• [Exercise data]:
====

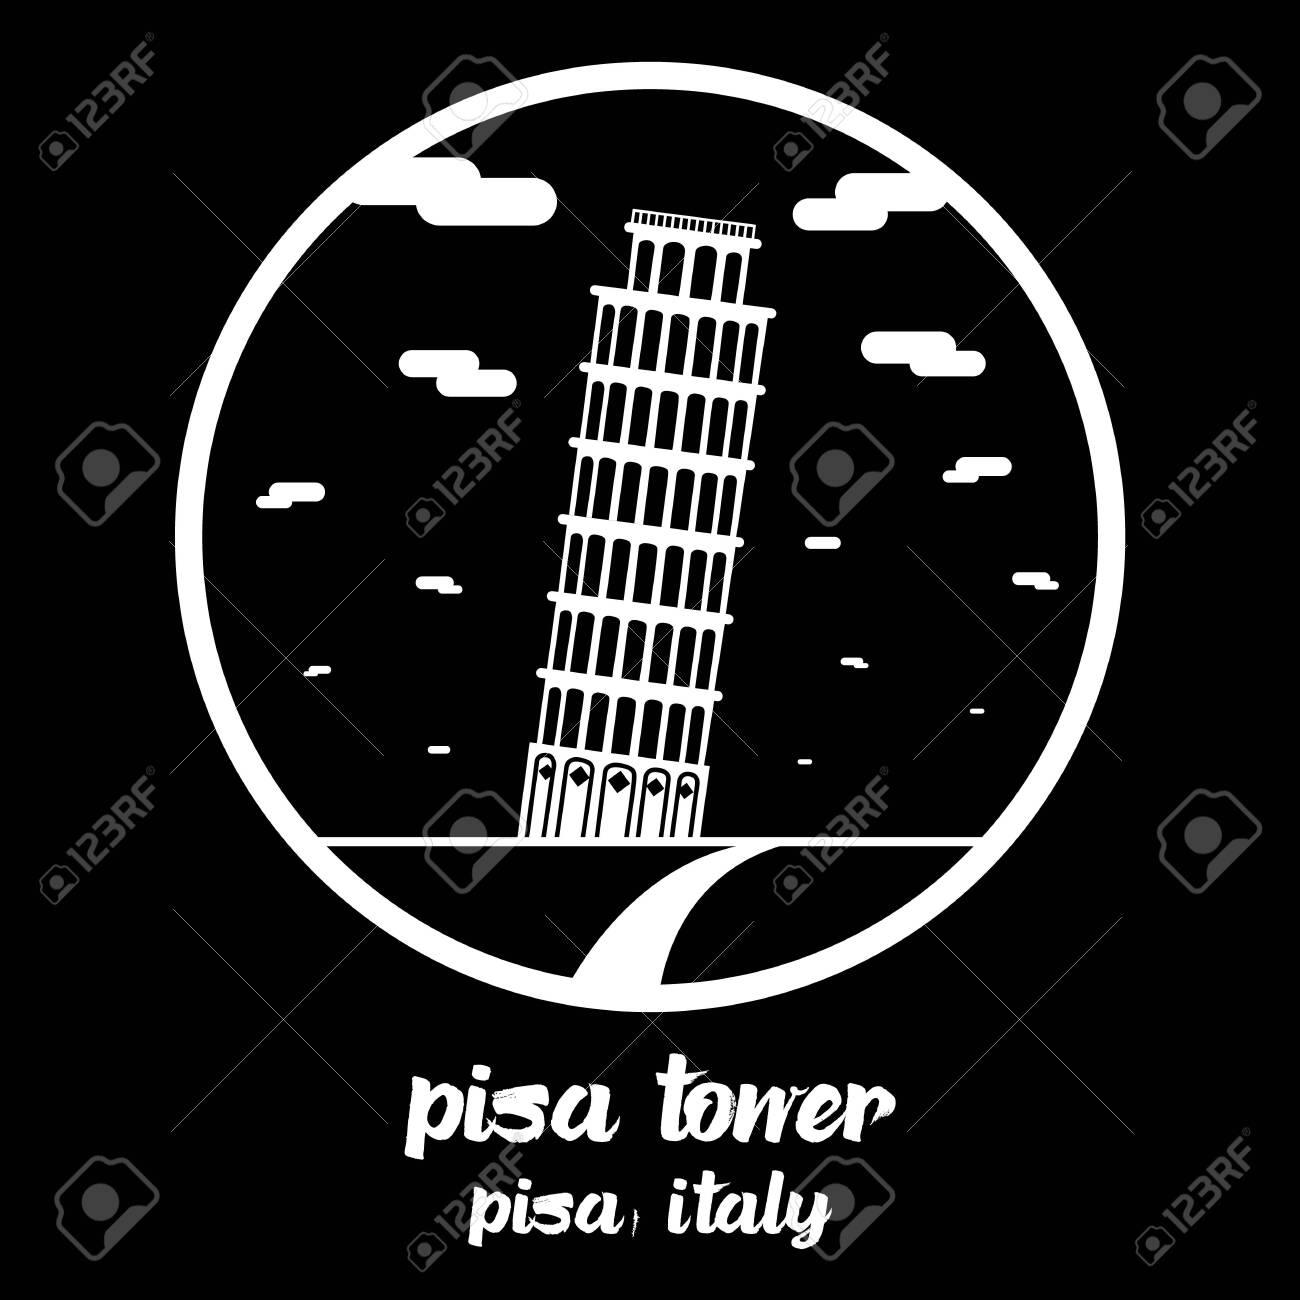 Circle icon line Pisa Tower. vector illustration - 133312992
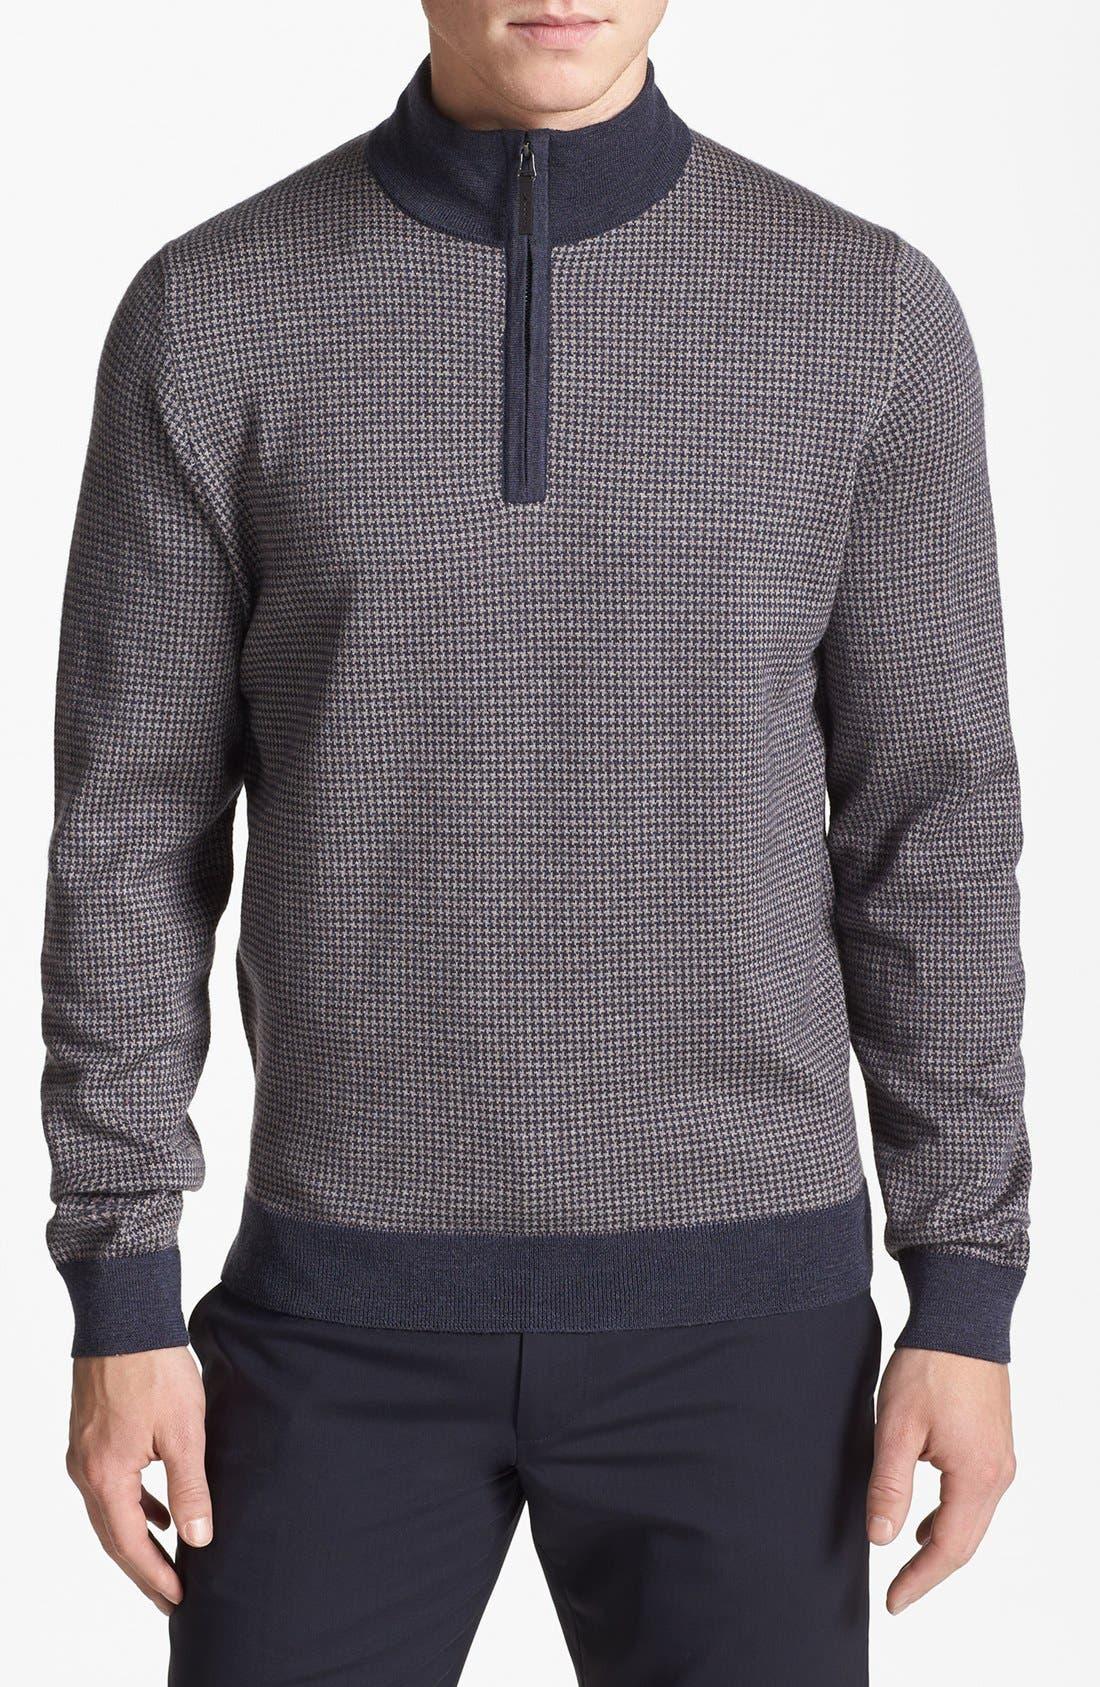 Alternate Image 1 Selected - John W. Nordstrom® Merino Wool Quarter Zip Pullover
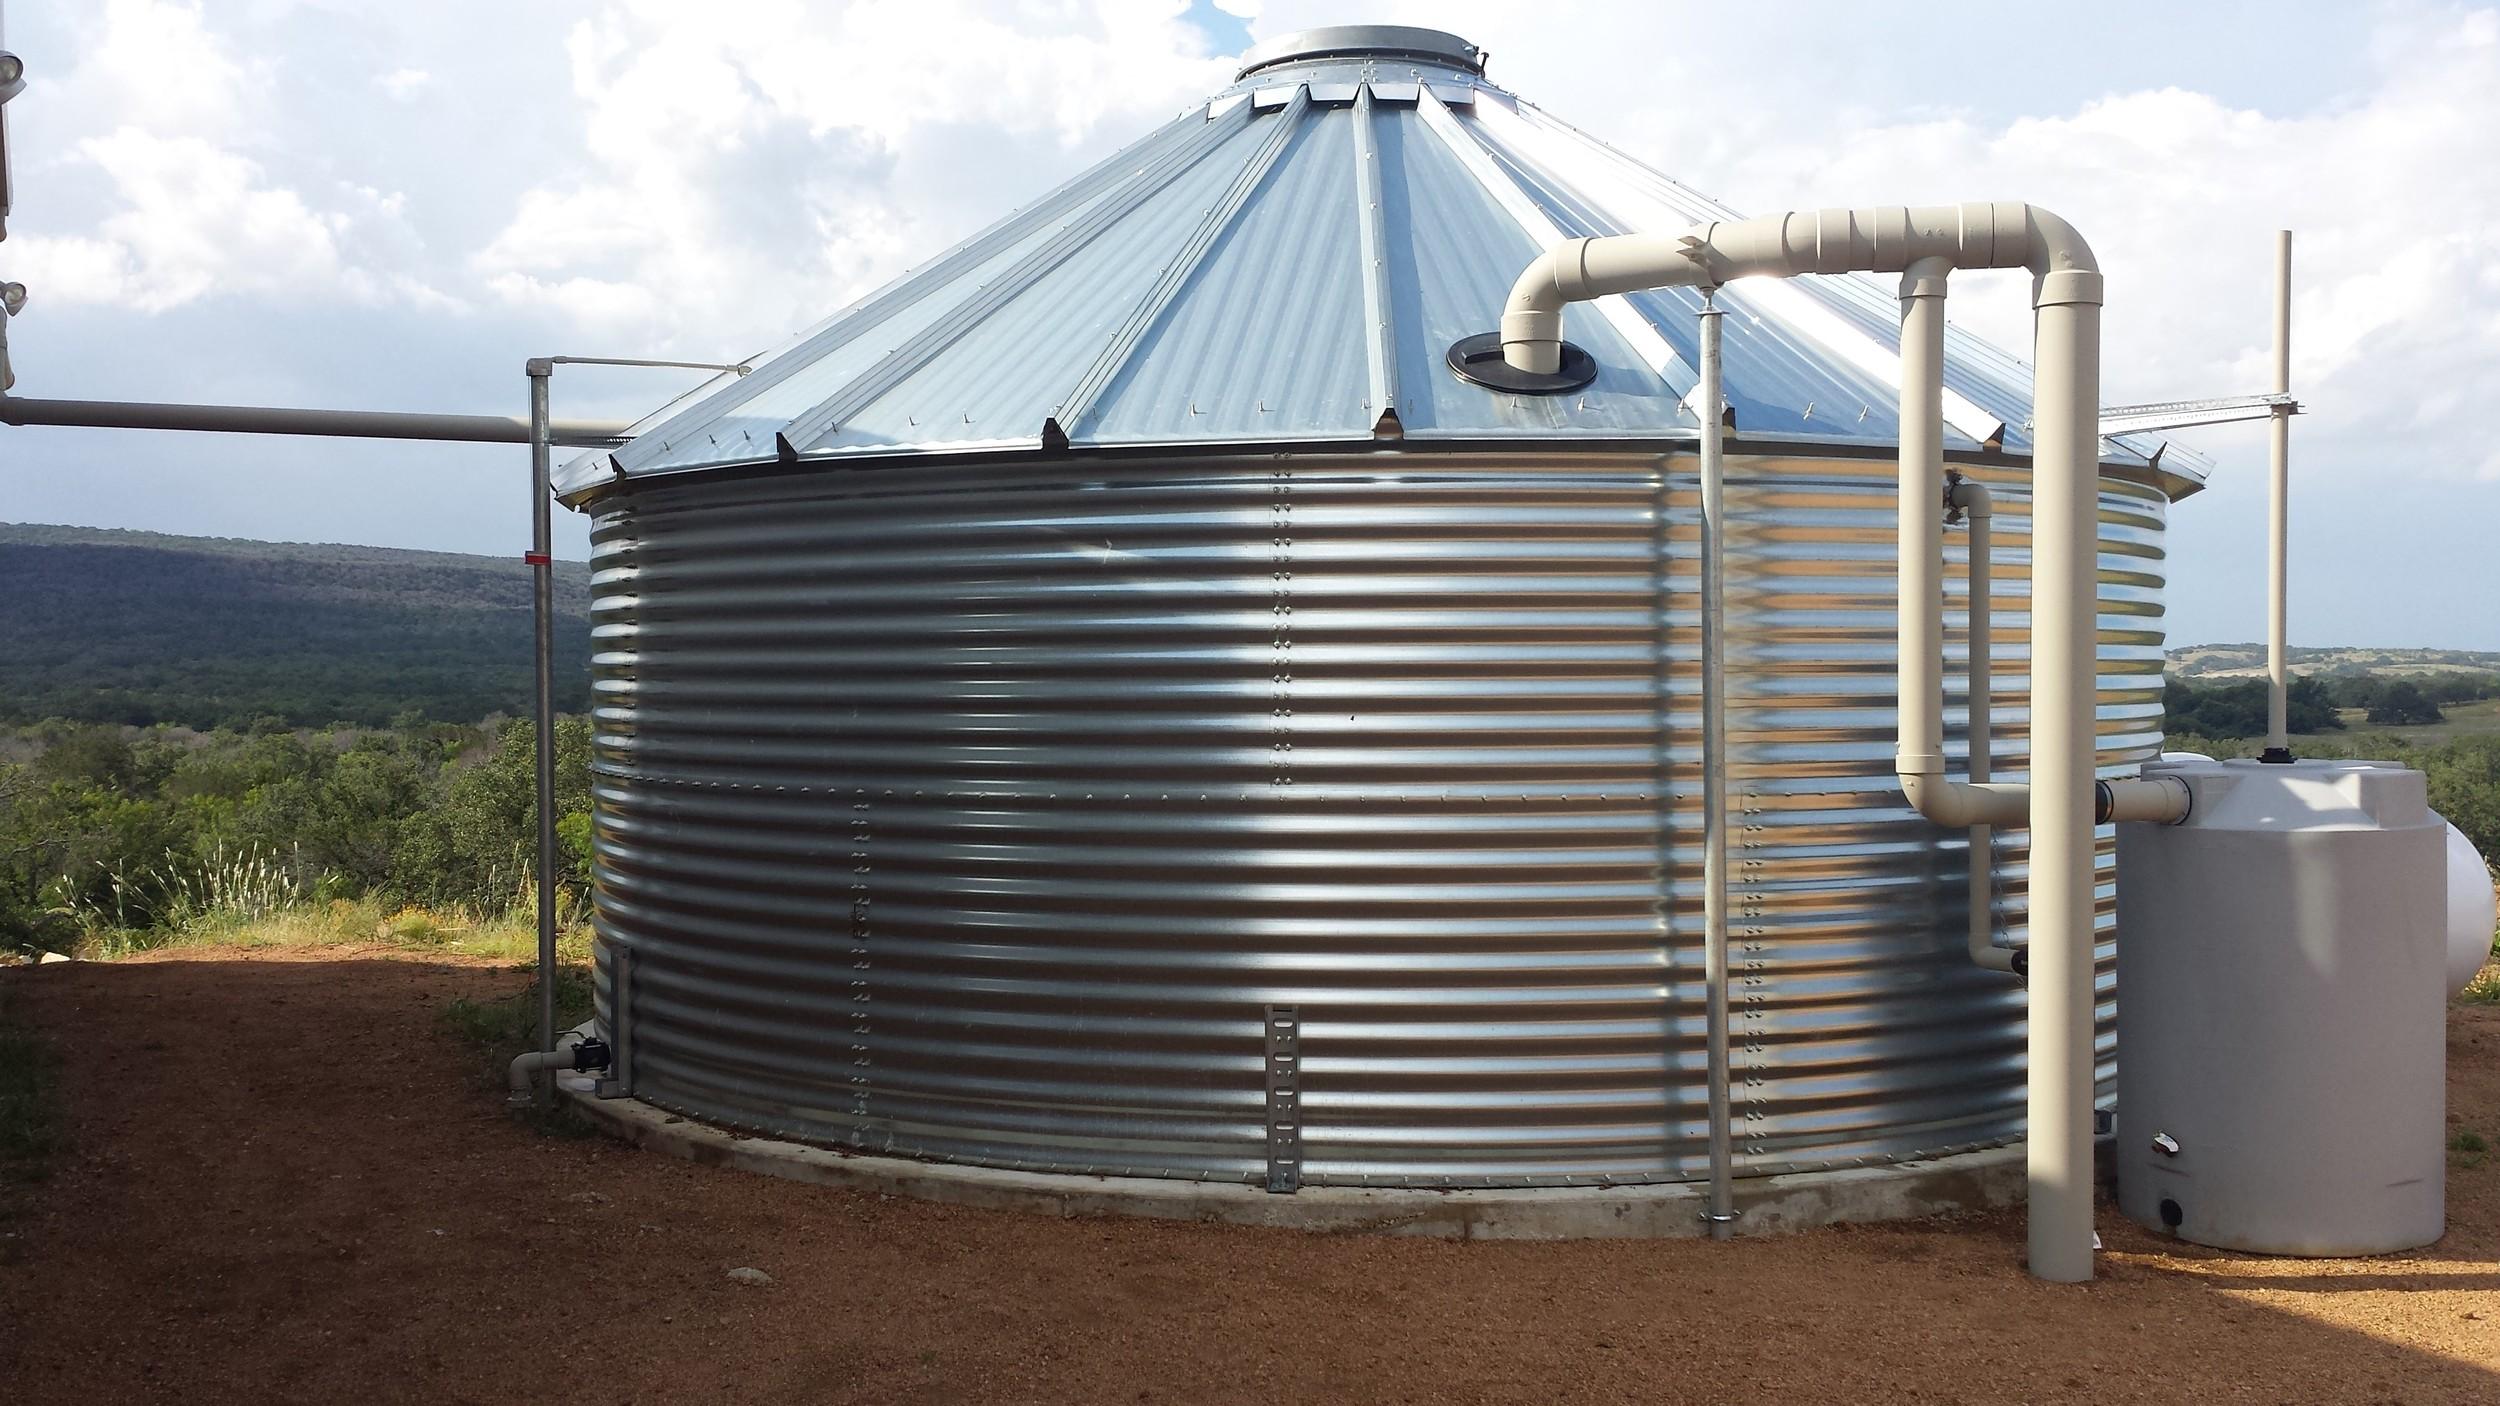 Residential rainwater collection system near Fredericksburg, Texas

====

• [Required work]: Reproduce the listing exactly, images omitted.

• [Exercise answer]:
 Circle icon line Pisa Tower. vector illustration - 133312992
 Alternate Image 1 Selected - John W. Nordstrom® Merino Wool Quarter Zip Pullover
 Residential rainwater collection system near Fredericksburg, Texas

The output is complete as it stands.